Usually in that scenario you have a moment to assess where you are, where your man is, where the goal is, where the cover is. It might only be a split second but that’s usually enough. When you’re in that situation enough times you don’t need much more than that to know what to do.
It was different when I had Eddie to deal with. Nobody had pace off the mark like he had, and nobody made up his mind quicker as to the best route to goal. You didn’t have the luxury of thinking. If he was in behind you not even 36 inches of ash could bridge the separation he would have created in that thinking moment. Whatever you were going to do, you had to do it straight away.
When he got inside you there was a shot at goal coming more often than not. Your only hope was to foul him or pray that you had cover. He had the instincts of an assassin. I found it out to my cost in training – Seamus Hickey, Eoin Murphy and Paudie Maher and others all found it out in matches. High-calibre players that he made look like junior hurlers at times.
Ruthless
The speed in his legs was only ever a part of it. I always felt that his speed of thought was just as potent a weapon because it was what made him ruthless. He didn’t settle for a point if he thought a goal was on – and nine times out of 10 he basically decided a goal was on once he got a bit of space. You had to match instinct with instinct when you played against him. Your reaction had to be instantaneous.
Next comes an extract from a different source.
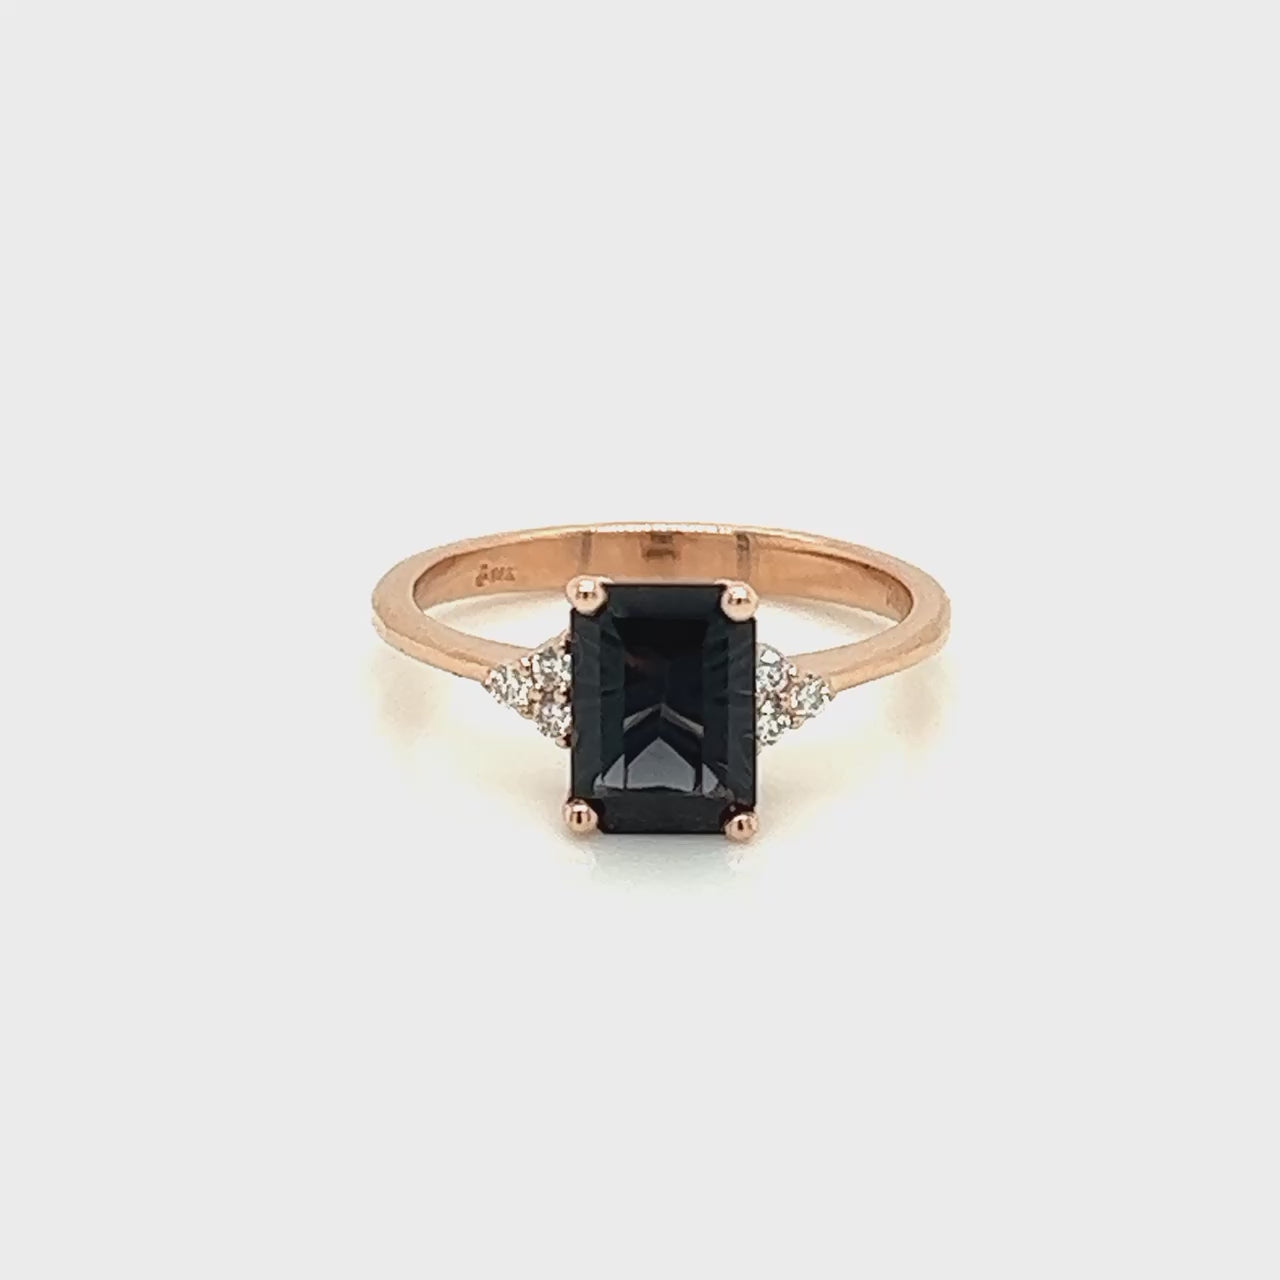 Imogene Ring with a 1.55 Carat Special Emerald Cut Spinel and White Accent Diamonds in 14k Rose Gold - Ready to Size and Ship

Eddie’s belief in himself as a finisher was bulletproof. He didn’t mind you catching and clearing a ball or two ahead of him. Actually, that’s not the right way to put it – he minded alright but it didn’t affect his mindset. He never thought, “ah look, it’s just not my day”. Eddie’s thought process would always have been, “you have to be lucky all the time, I only have to be lucky once”.
He would bide his time and as the game wore on and tiredness and mental fatigue crept in, Eddie became more dangerous. One chance, one goal. Five chances and you were probably looking at 4-1 – either that or you were depending on your goalkeeper to dig you out of a hole.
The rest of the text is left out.